Hide code cell source

np.random.seed(0)
X_1d = np.sort(np.random.uniform(0, 10, 100)).reshape(-1, 1)
y_1d = 3 * np.sin(X_1d.ravel()) + np.random.normal(0, 0.5, 100)
X_1d_tr, X_1d_te, y_1d_tr, y_1d_te = train_test_split(
    X_1d, y_1d, test_size=0.3, random_state=0)

chosen_depths = [1, 3, 6, 12]
Xp = np.linspace(0, 10, 500).reshape(-1, 1)

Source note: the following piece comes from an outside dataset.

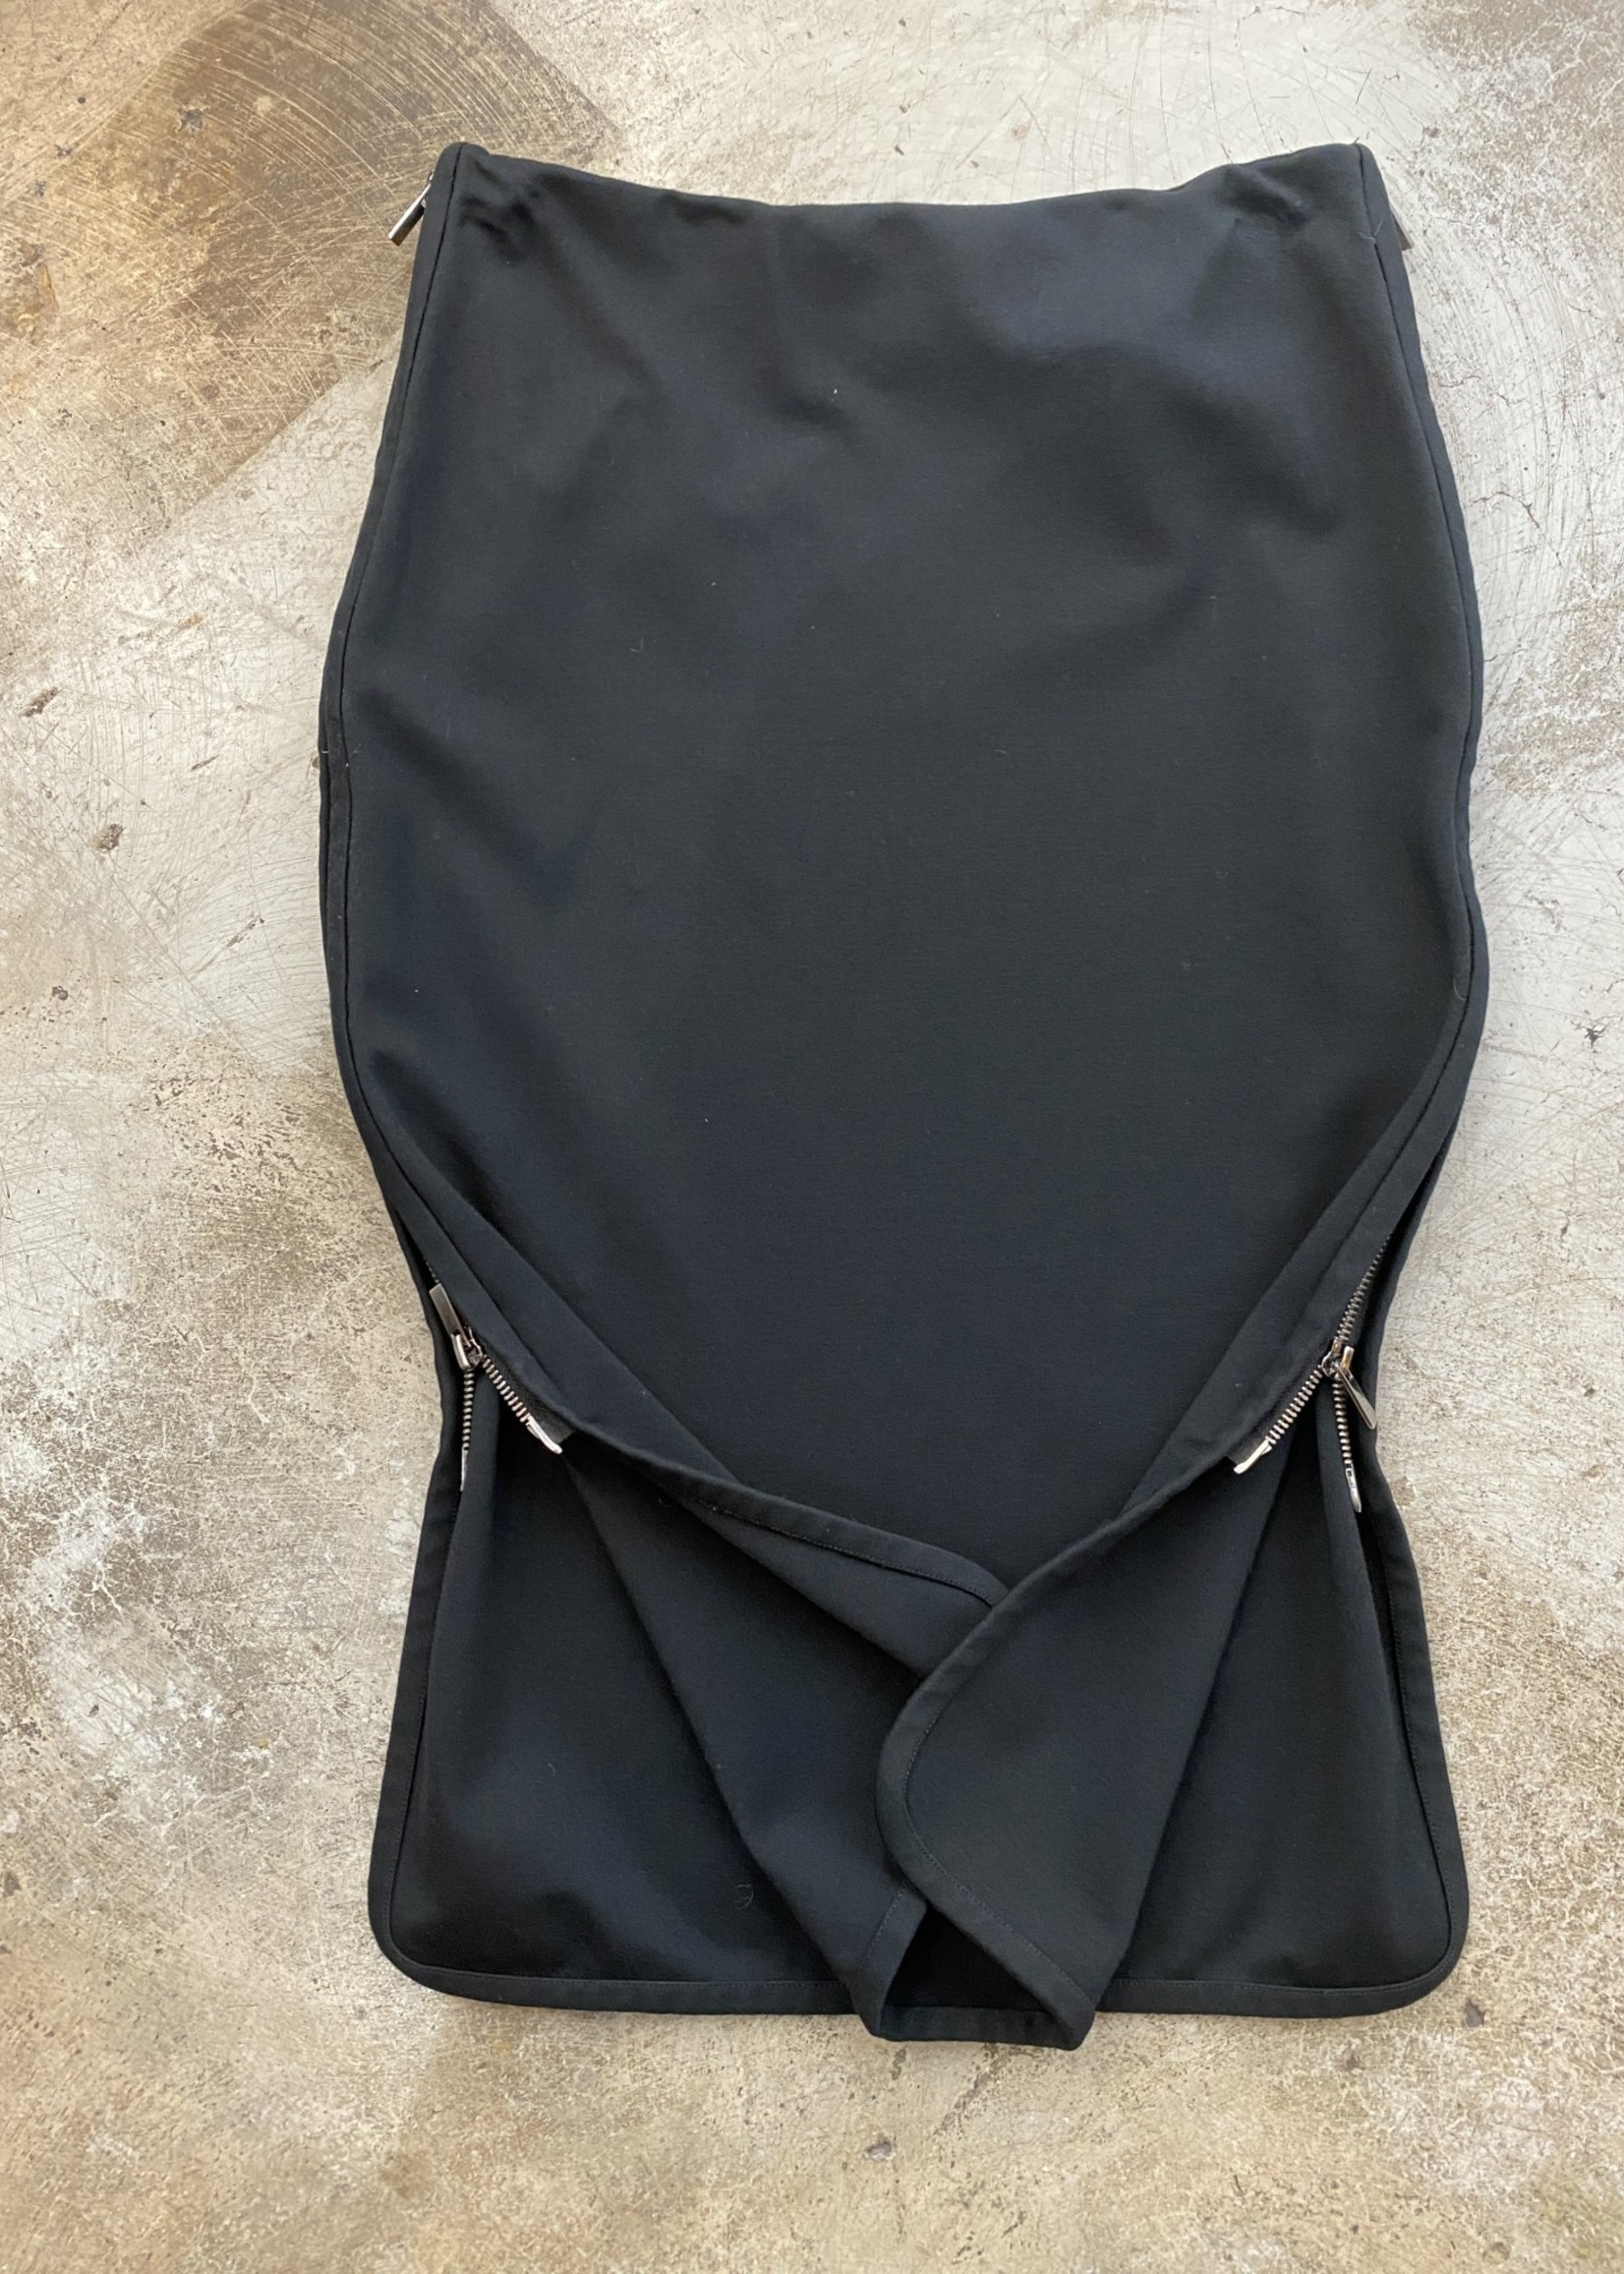 Diane Von Furstenberg Black Zipper Skirt 4/S

fig, axes = plt.subplots(1, 4, figsize=(16, 4), sharey=True)
for ax, d in zip(axes, chosen_depths):
    m = DecisionTreeRegressor(max_depth=d, random_state=0)
    m.fit(X_1d_tr, y_1d_tr)
    tr_r2 = m.score(X_1d_tr, y_1d_tr)
    te_r2 = m.score(X_1d_te, y_1d_te)
    ax.scatter(X_1d_tr, y_1d_tr, s=18, alpha=0.5, label='Train')
    ax.plot(Xp, m.predict(Xp), 'r-', linewidth=2)
    ax.set_title(f'depth={d}\nTrain={tr_r2:.2f} / Test={te_r2:.2f}',
                 fontsize=10, fontweight='bold')
    ax.grid(True, alpha=0.3)

axes[0].set_ylabel('y', fontsize=11)
plt.suptitle('Decision Tree - Depth vs Fit Complexity',
             fontsize=13, fontweight='bold', y=1.02)
plt.tight_layout()
plt.show()
../../../../_images/e114d886d66d8e09f87320841cd20056c5dadee5d9f4b9e8511189ec85d800c0.png

The step-function predictions are clearly visible: shallow trees produce coarse approximations (high bias), while deep trees follow every wiggle in the training data (high variance).

Feature Importance#

Hide code cell source

imp = pd.Series(tree.feature_importances_,
                index=[f'Feature {i}' for i in range(X.shape[1])])
imp = imp.sort_values(ascending=False)

plt.figure(figsize=(9, 4))
imp.plot(kind='bar', edgecolor='black', alpha=0.85, color='steelblue')
plt.xticks(rotation=45, ha='right')
plt.ylabel('Impurity Decrease (importance)', fontsize=11)
plt.title('Decision Tree - Feature Importances', fontsize=13, fontweight='bold')
plt.grid(True, alpha=0.3, axis='y')
plt.tight_layout()
plt.show()
../../../../_images/7304dd88efa0398022bc4b62a432277ba45022e07e7e0fa31994b9303584cafe.png

Strengths and Weaknesses#

Strengths

No feature scaling needed; handles non-linearity; interpretable (visualise the tree); mixed feature types

Weaknesses

High variance - sensitive to small data changes; prone to overfitting at large depths

Tip

Single decision trees are rarely used in isolation for competitive performance. They are the core building block for Random Forest (bagging) and Boosting (boosting) - ensemble methods that correct their variance problem.